BEGIN

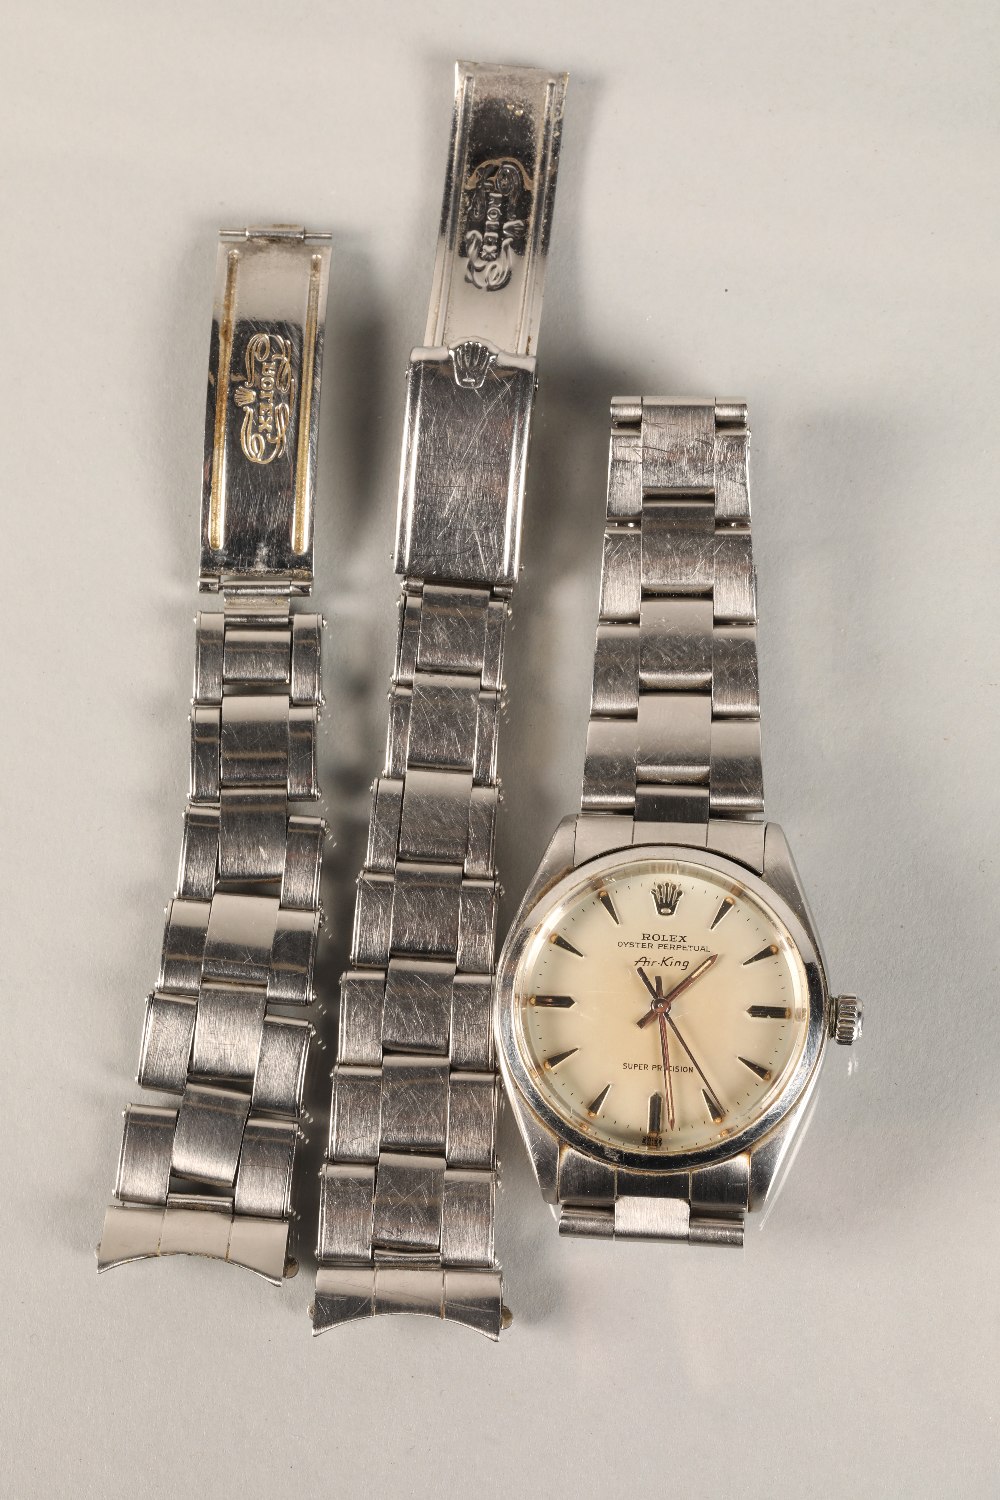 Gents Rolex Oyster Perpetual Air King stainless wrist watch, champagne dial with hour marker batons, - Image 7 of 8
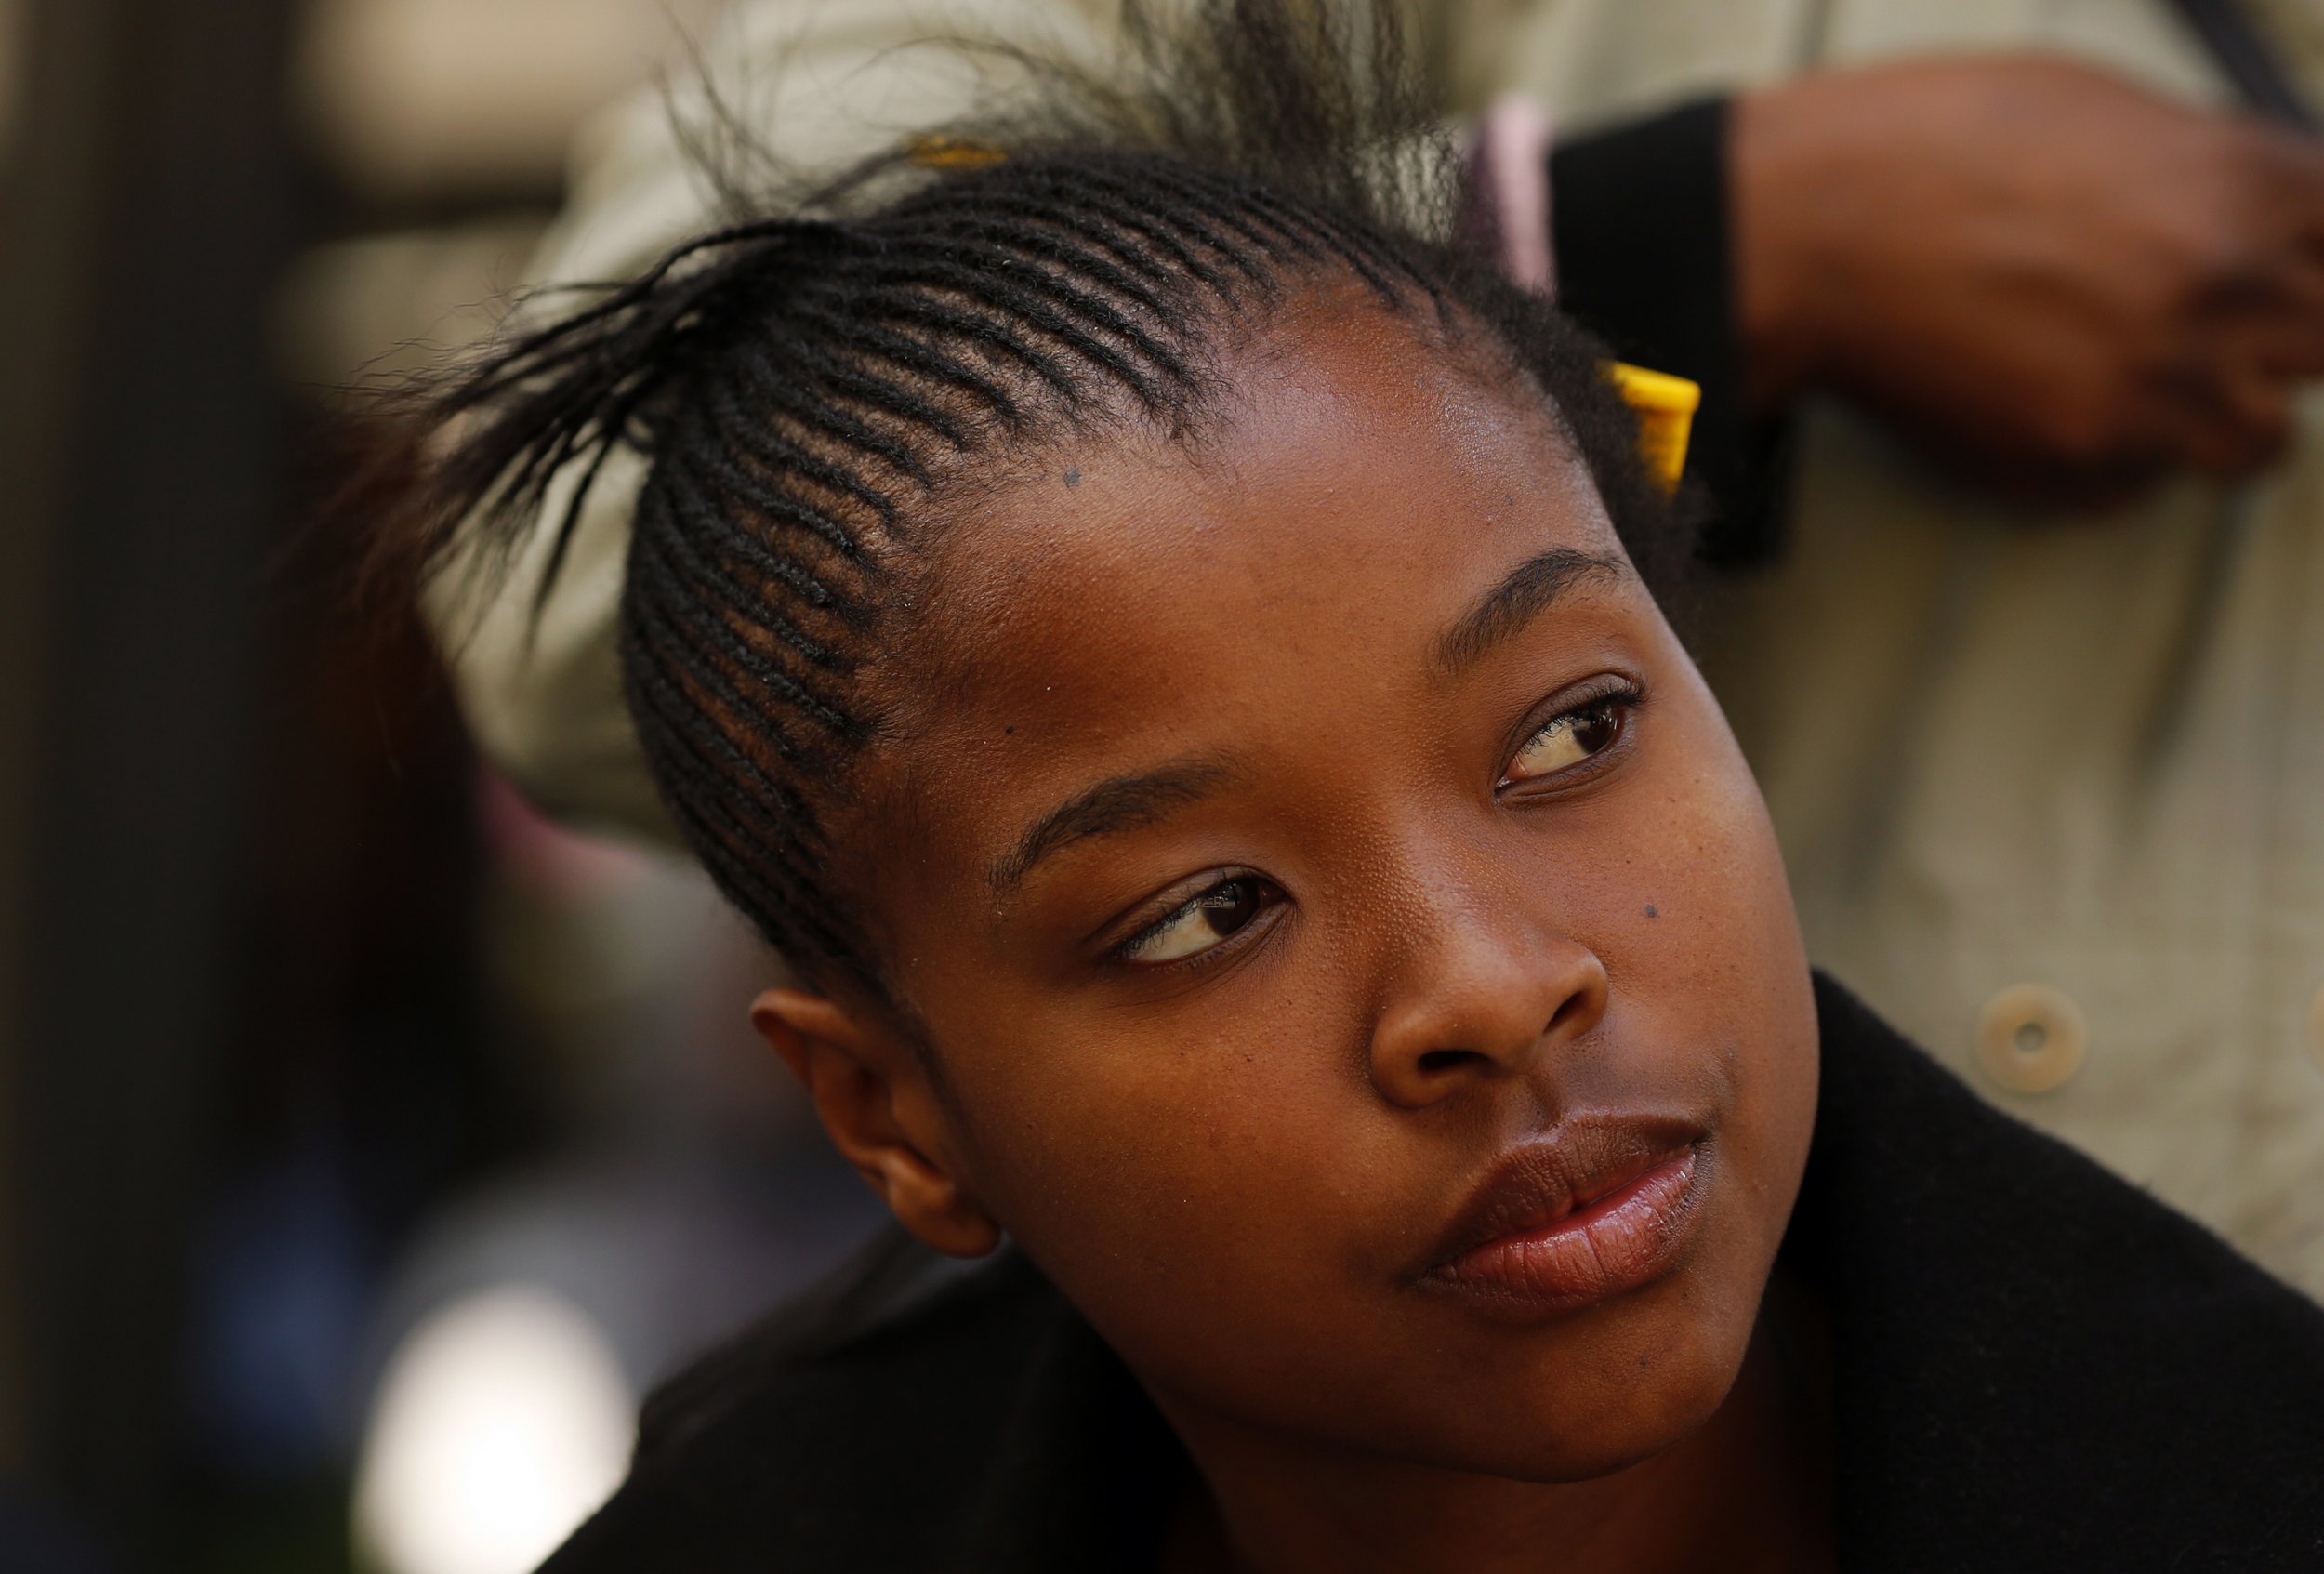 50+ best hairstyles for black women in South Africa 2023 - Briefly.co.za
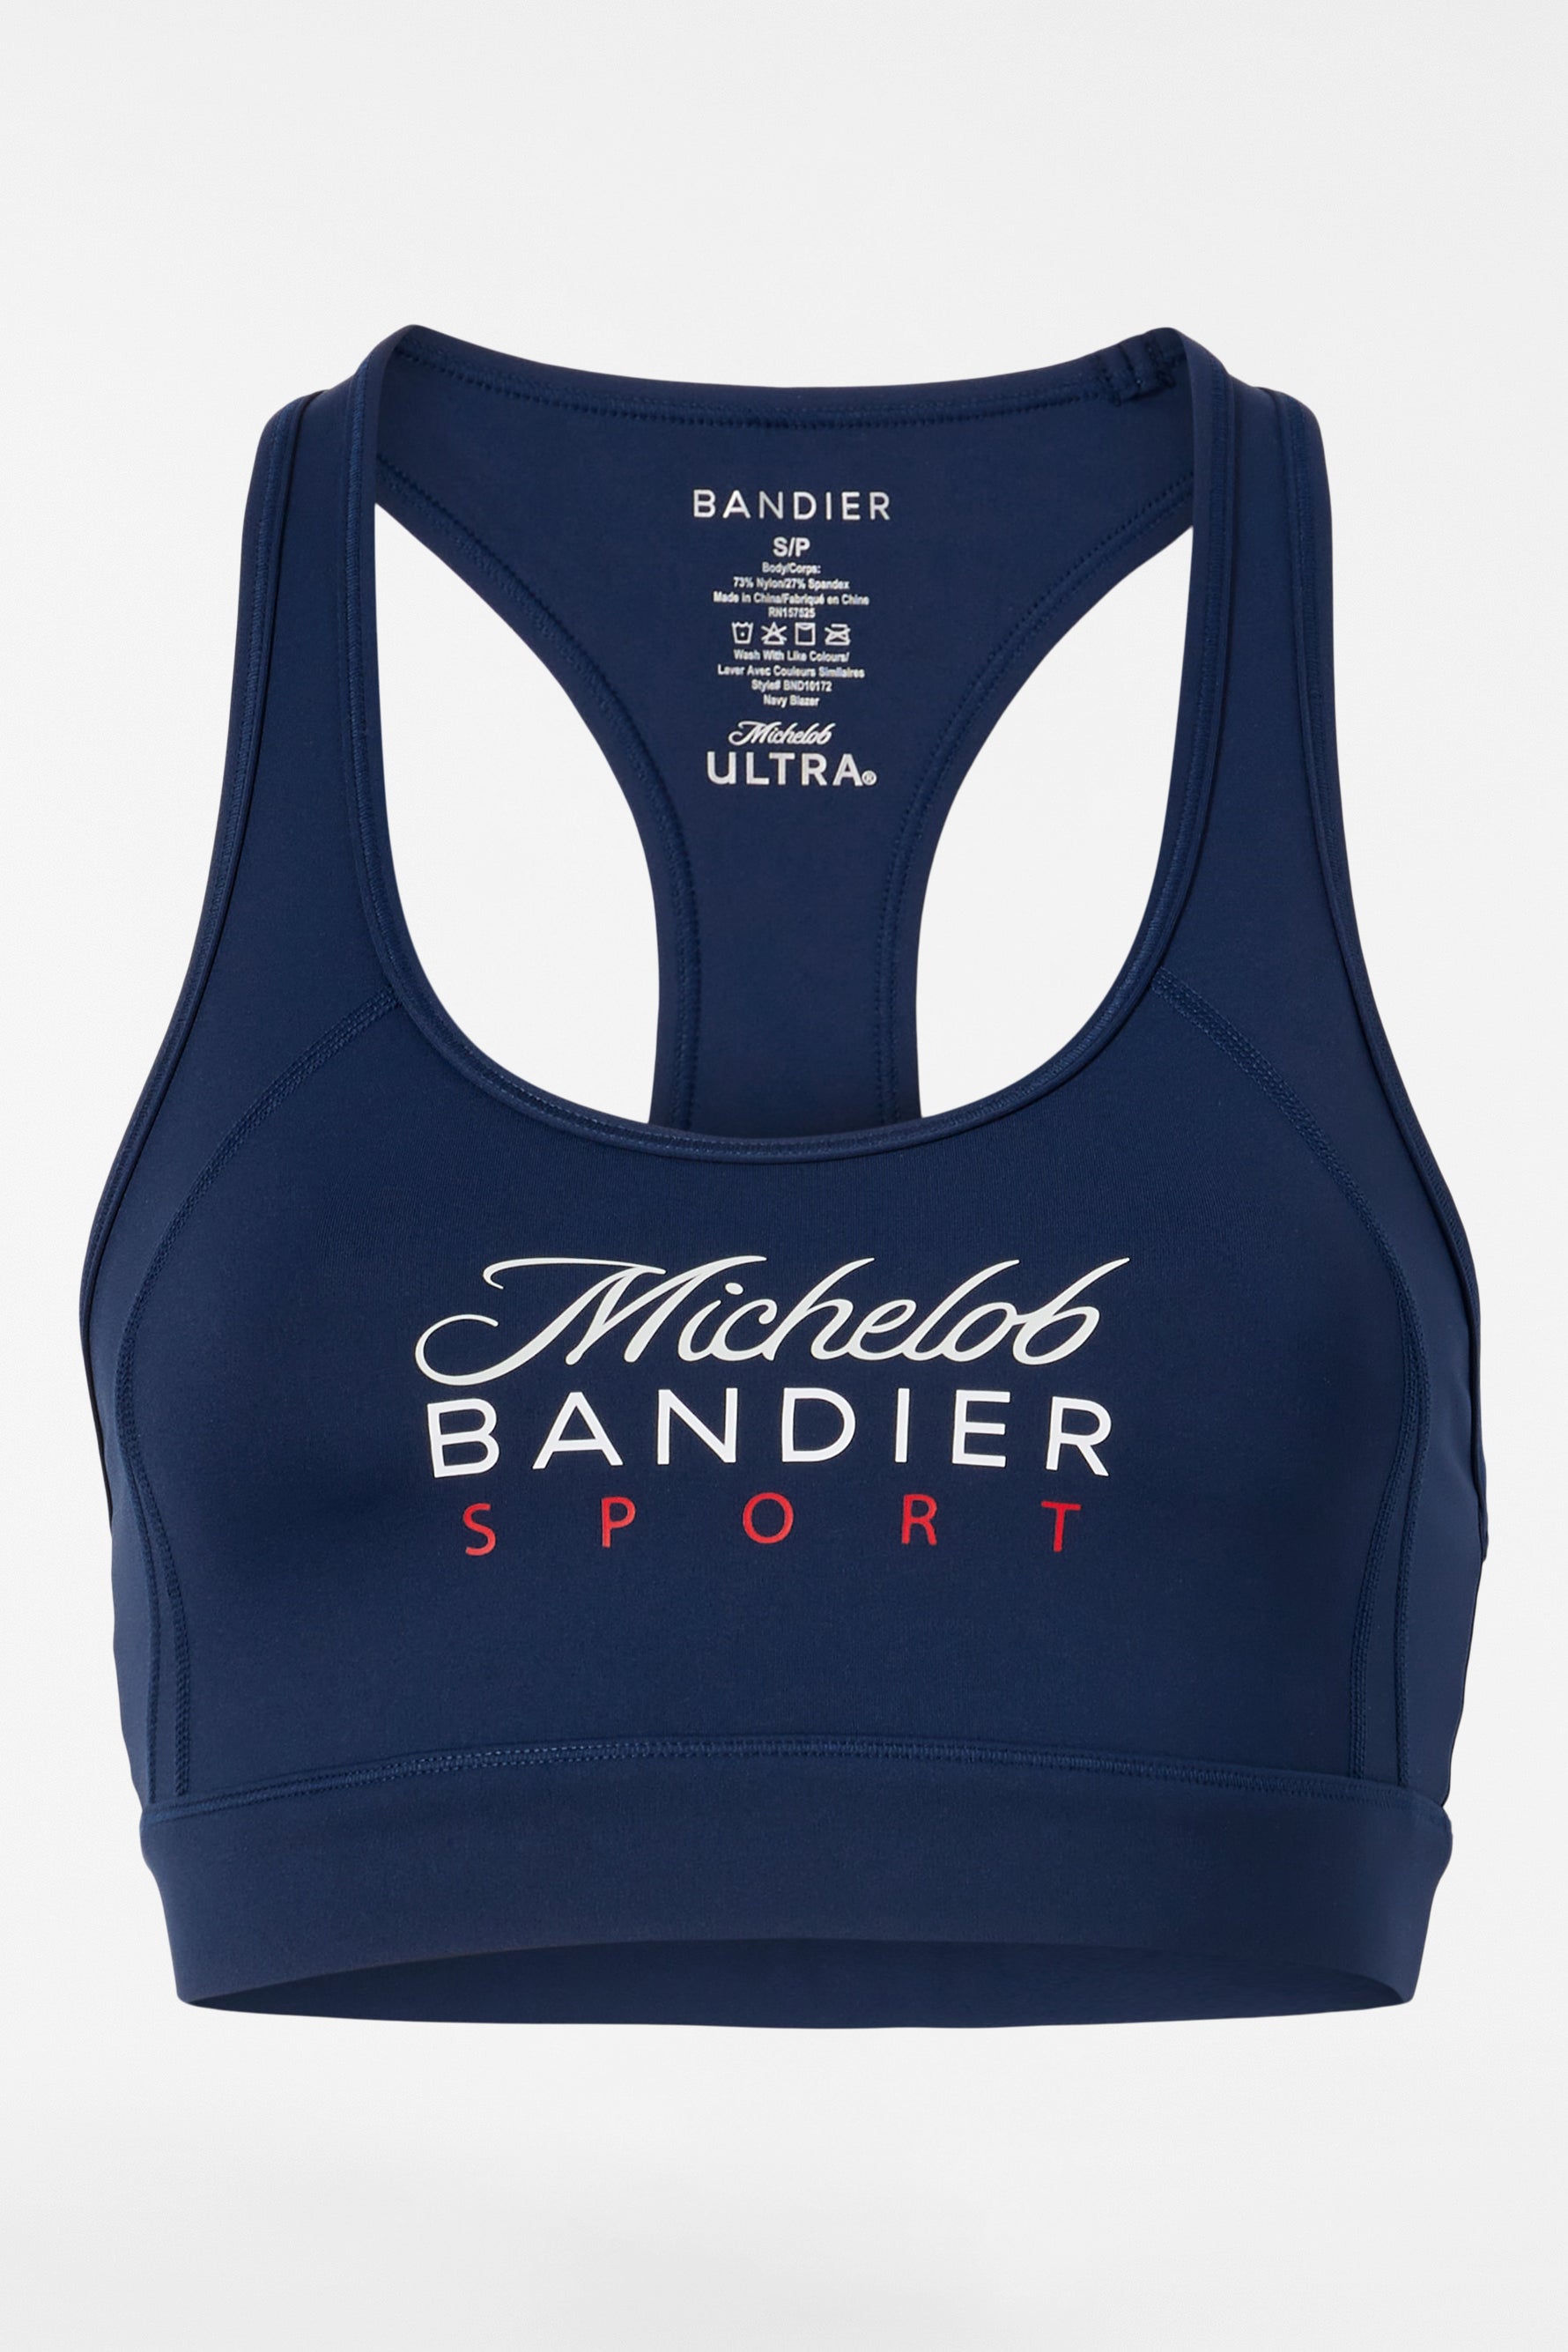 Front view of Michelob ULTRA x Bandier Center Stage Bra, Text "Michelob Bandier Sport" on center chest

END

Task goal »
Would you reproduce the listing above in full and exactly, without its pictures?

Output for this task »
 Gents Rolex Oyster Perpetual Air King stainless wrist watch, champagne dial with hour marker batons, - Image 7 of 8
 50+ best hairstyles for black women in South Africa 2023 - Briefly.co.za
 Front view of Michelob ULTRA x Bandier Center Stage Bra, Text "Michelob Bandier Sport" on center chest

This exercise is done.